** EXERCISE PROMPT **
Could you return the data that follows exactly, minus the images?

** PROVIDED DATA **
┌────────
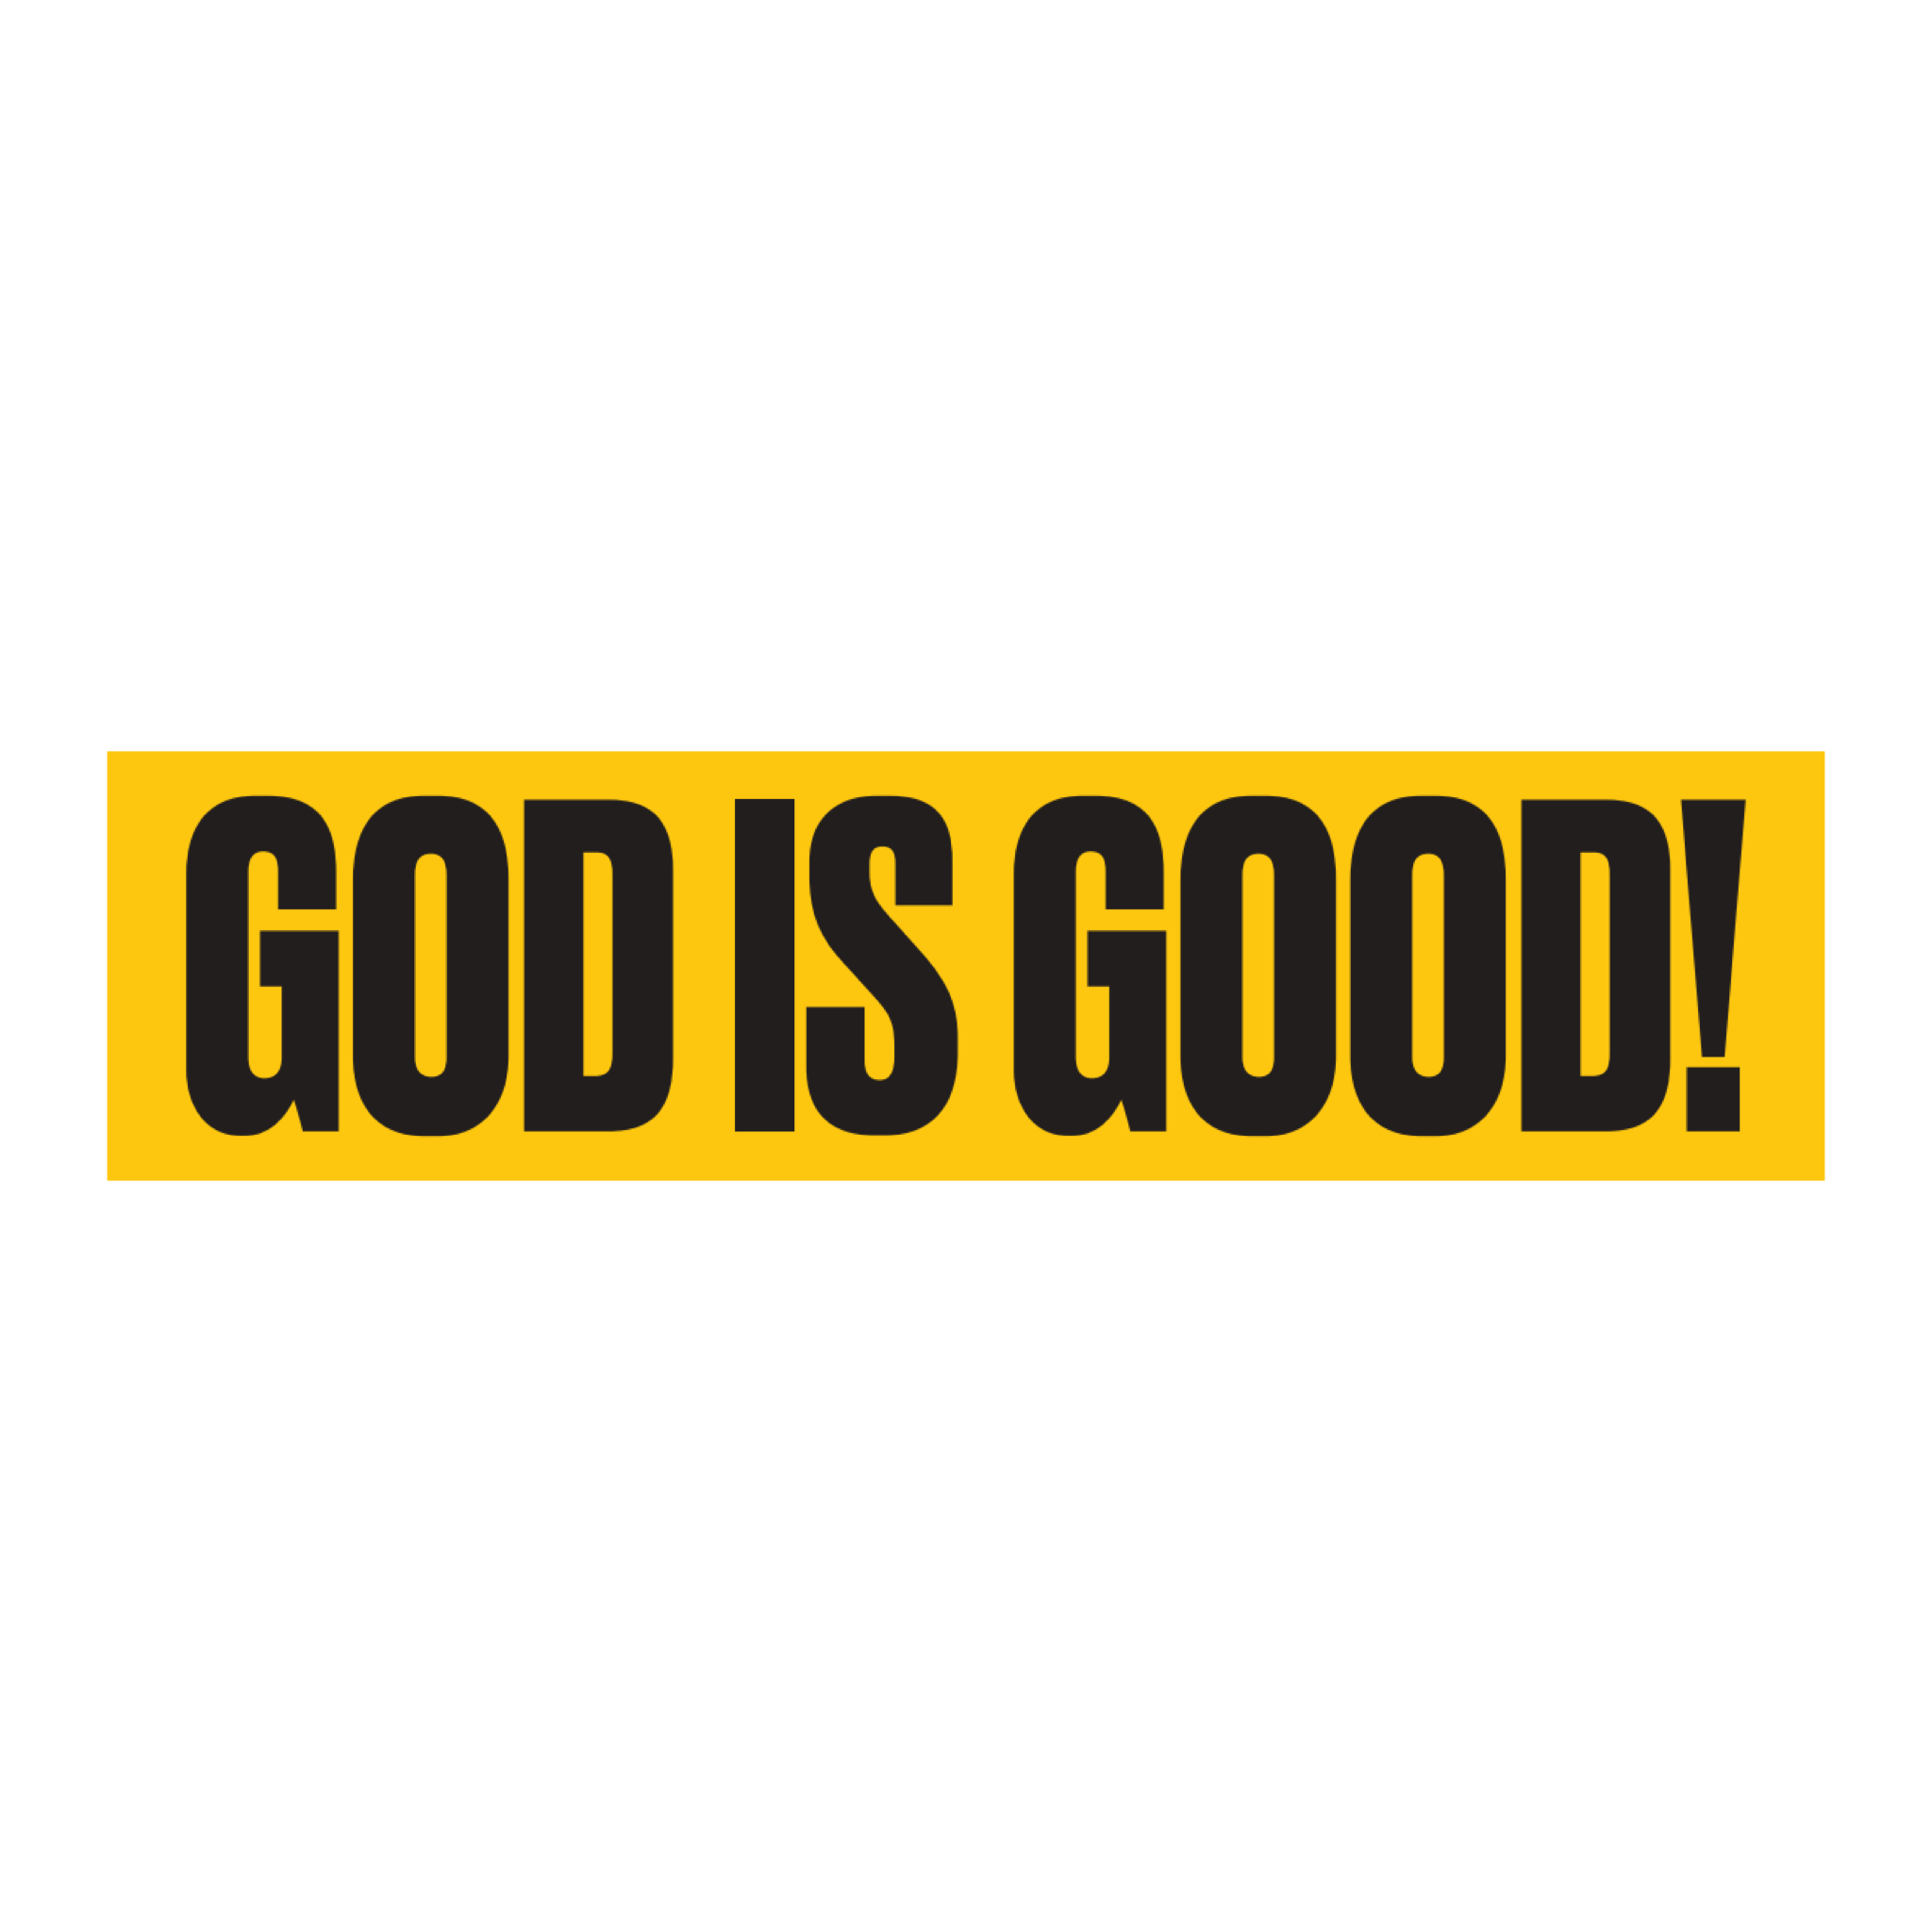 GOD IS GOOD! - STICKER
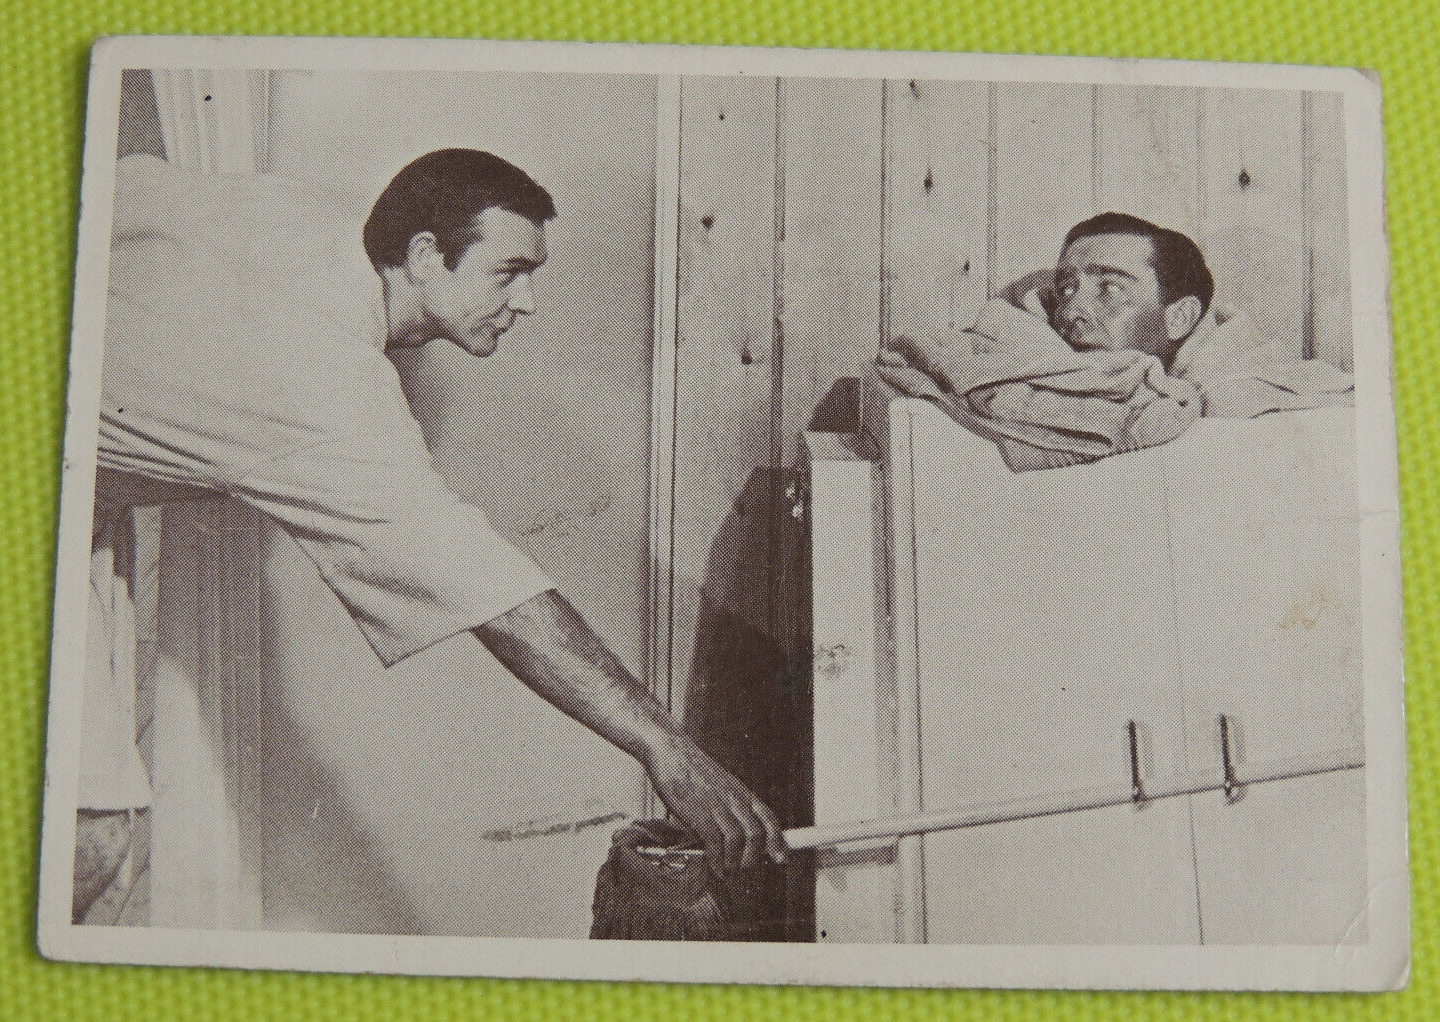 1966 Glidrose Thunderball James Bond 007 Card #16 Heat Treatment - Sean Connery
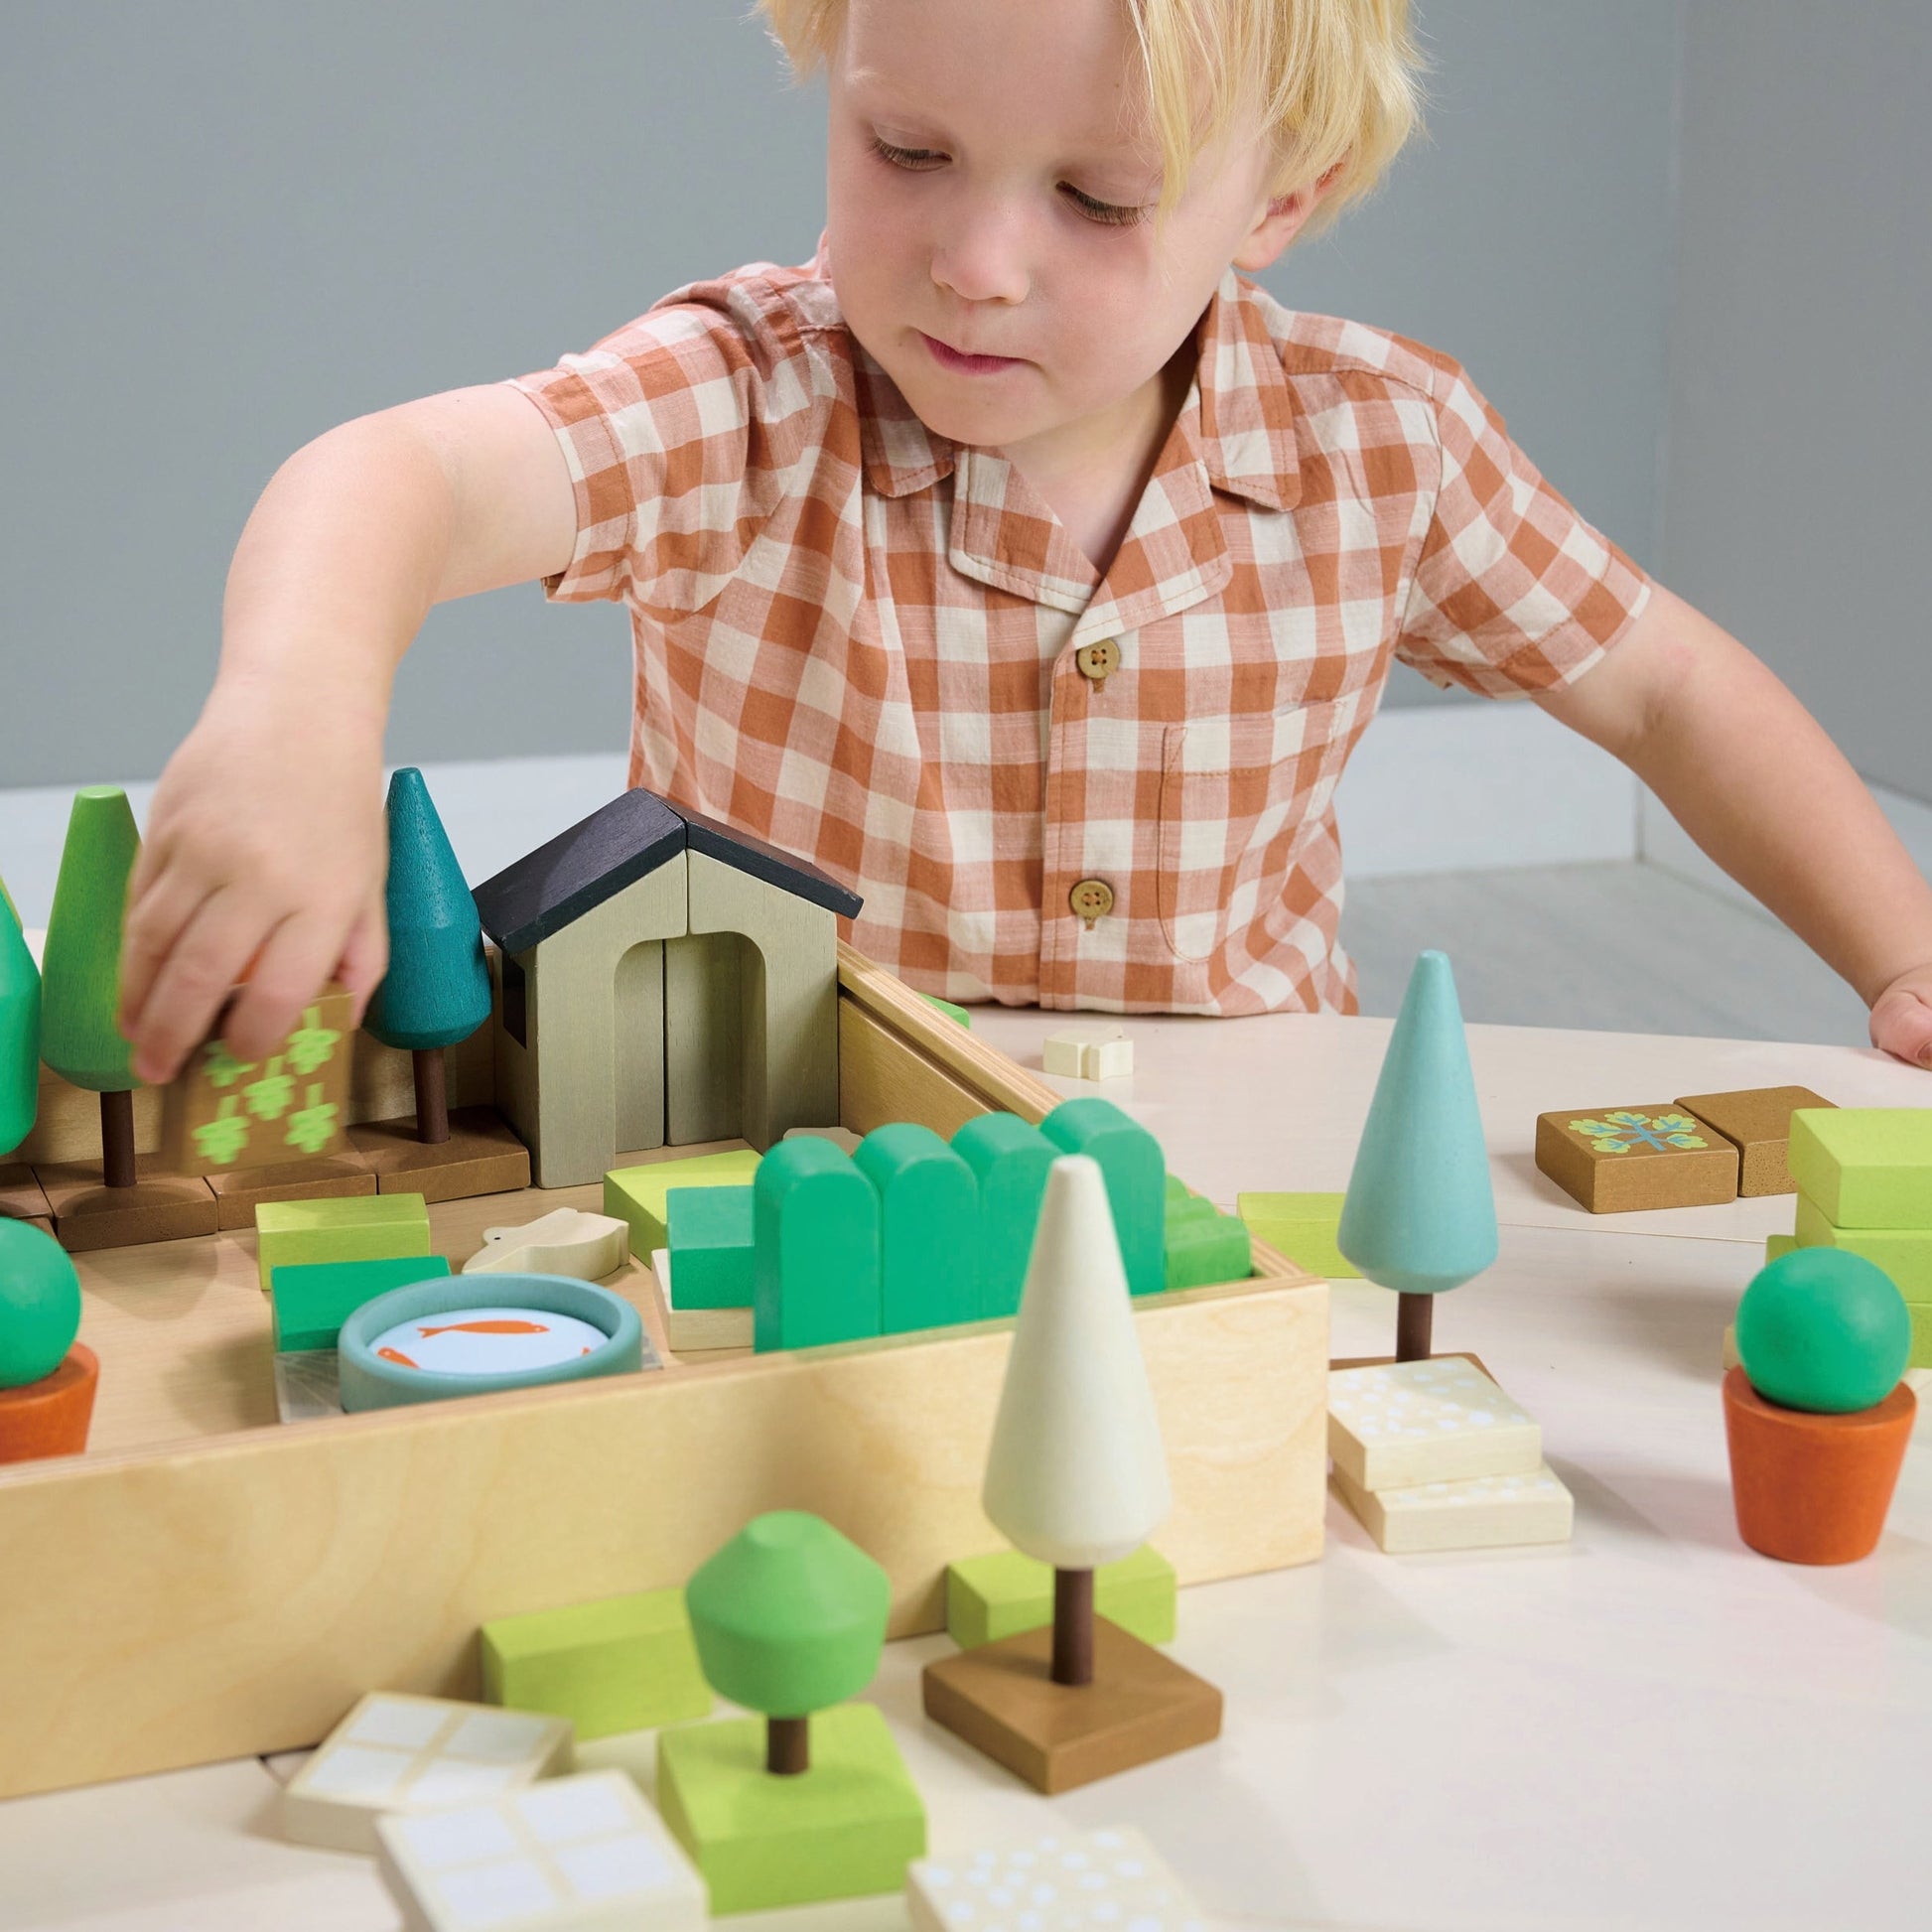 Tender Leaf Toys Wooden Little Garden Designer Playset
└────────
** YOUR SOLUTION **
 GOD IS GOOD! - STICKER
 1966 Glidrose Thunderball James Bond 007 Card #16 Heat Treatment - Sean Connery
 Tender Leaf Toys Wooden Little Garden Designer Playset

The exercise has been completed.